Час спустя оба взяли спрятанные поблизости инструменты на длинных рукоятках. Они бередили угли и белое больное дерево в поисках чего-нибудь крупнее или живее. Нашли только одну частицу, которая из-за пепельного покрытия приобрела видимость наличия. Это оказалось куском бедра и голени; шаровидный сустав обнажился и ходил, двигался в саже, культя бесцельно указывала к небу. Нашлись и другие, мелкие намеки на тела, но было трудно понять, что именно они видели, – таким неподступным оставался жар от костра; глаза резало, отчего клирики закрывали лица, то и дело отворачиваясь от ряби температуры.
Когда огонь начал медленно терять в силе, они принялись грести остывающие угли, разламывая все крупнее кулака и низводя древесину и Былых в плоский тлеющий ковер праха.
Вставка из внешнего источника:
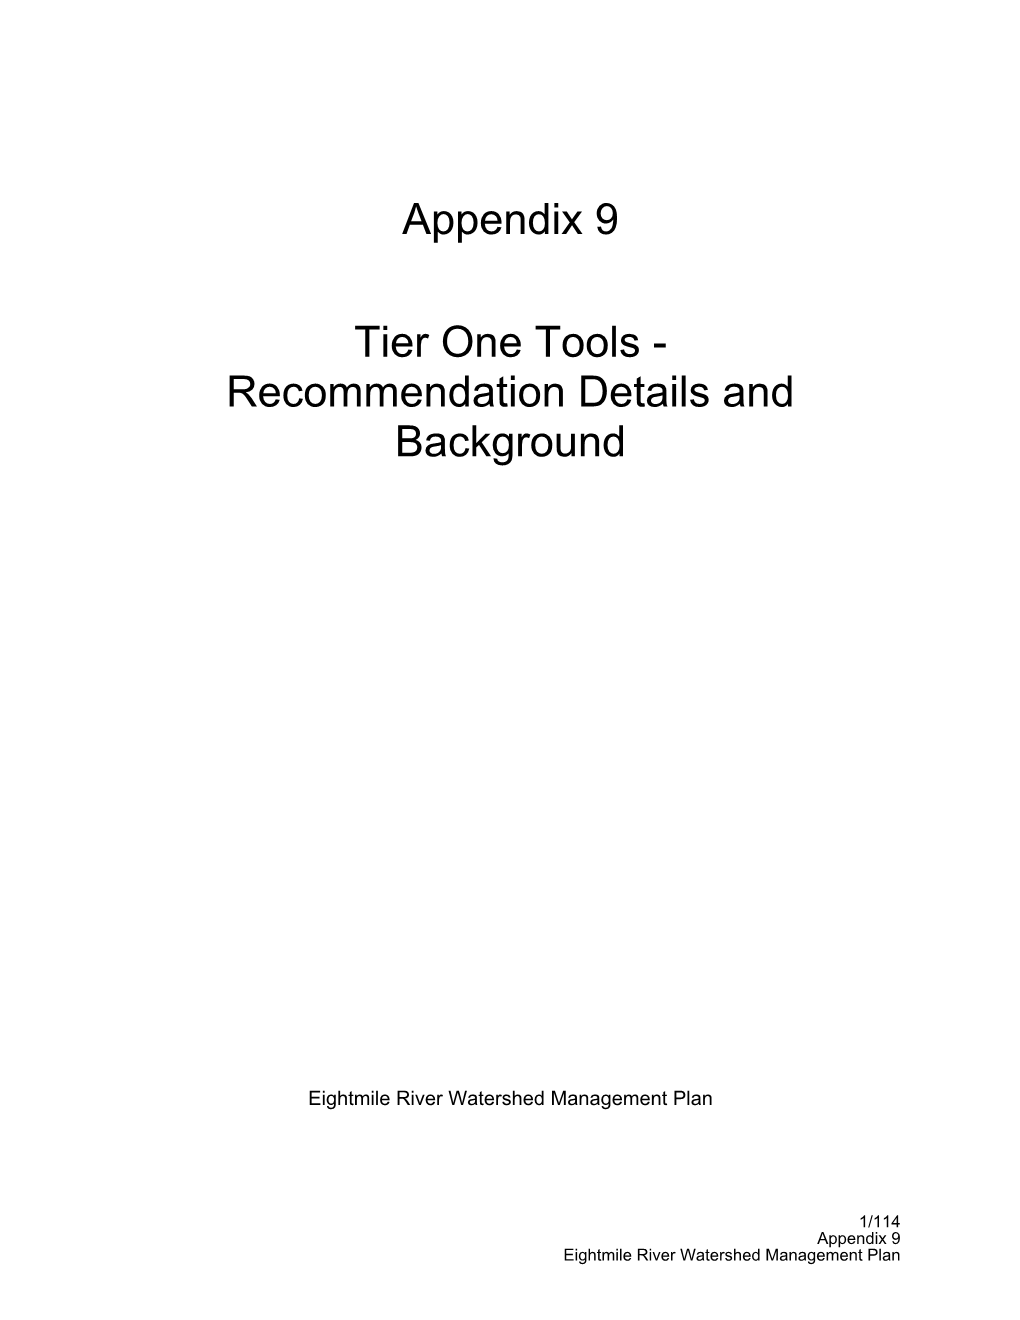 Appendix 9 Tier One Tools
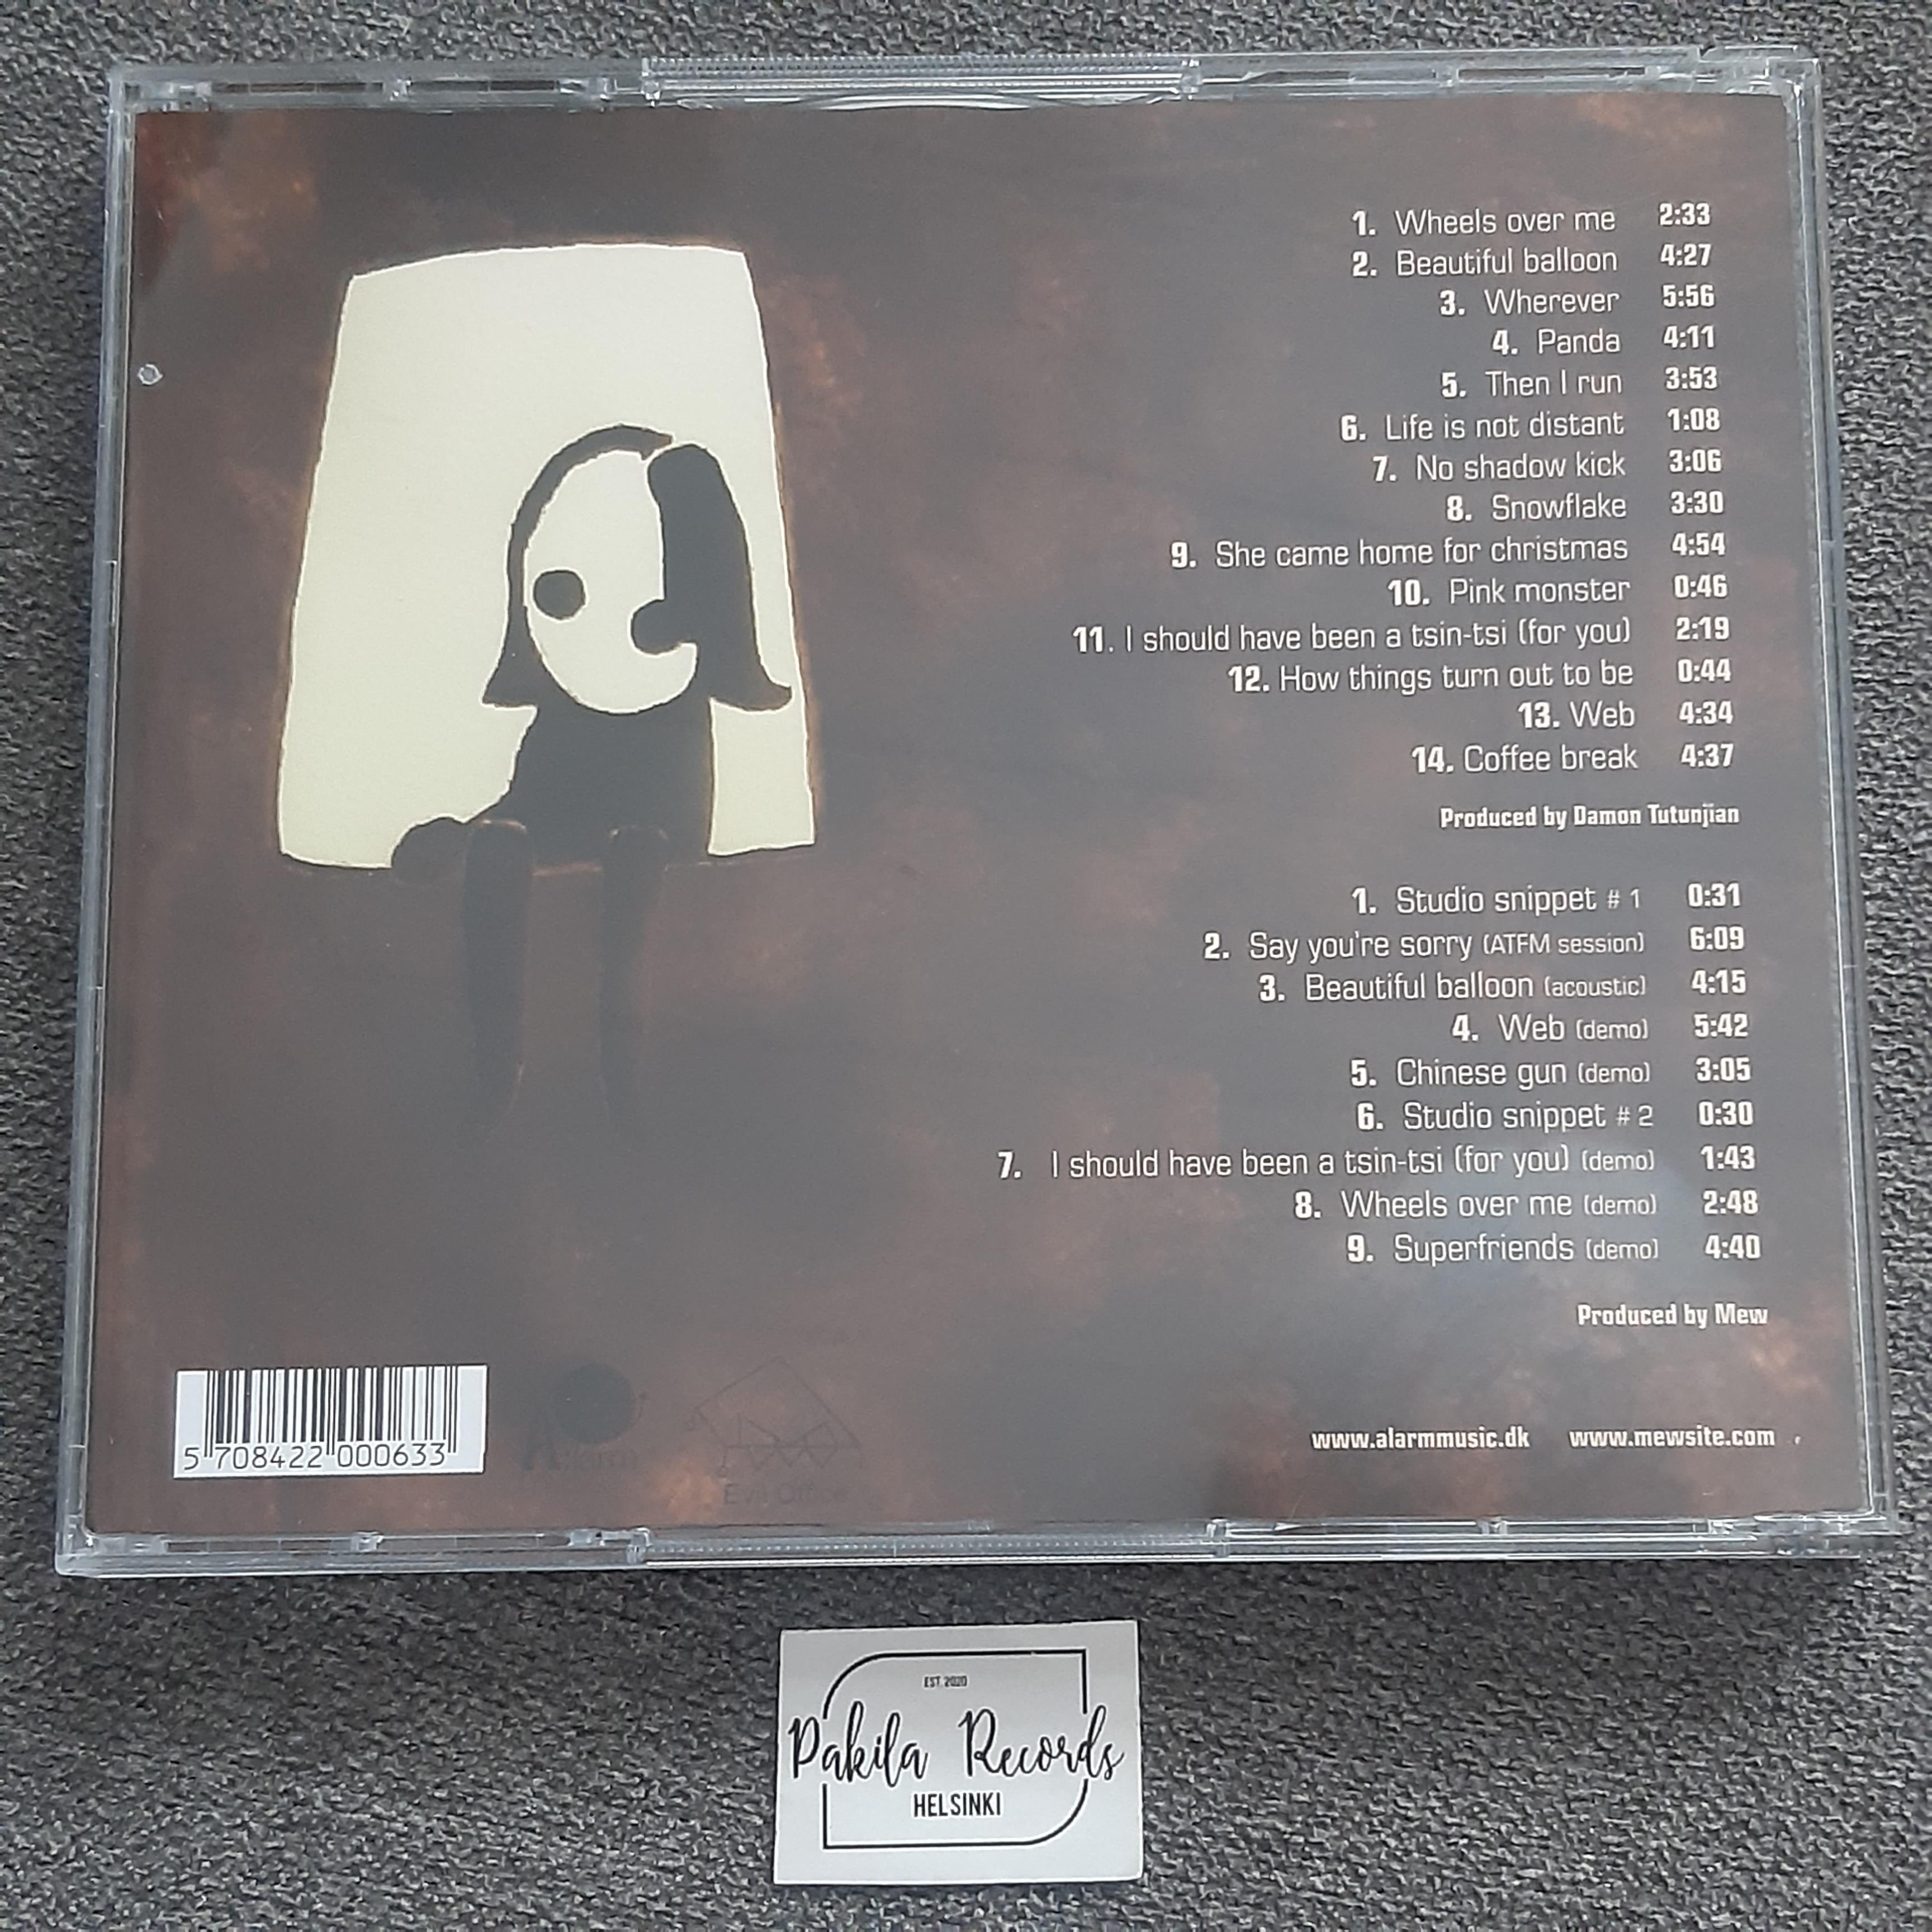 Mew - A Triumph For Man - 2 CD (käytetty)

Покончив с делом, они быстро расстались, не желая быть вместе, когда в голове проиграется визуальная запись сожжения. Это будет неизбежным кошмаром – видеть, как на внутренние поверхности век проецируются корчи и крики; навлечь это на посторонних или собратьев – только умножить ужас, спровоцировать тошнотворную реакцию, испытывать которую не должен никто: они избрали сохранить этот кошмар в одиночестве.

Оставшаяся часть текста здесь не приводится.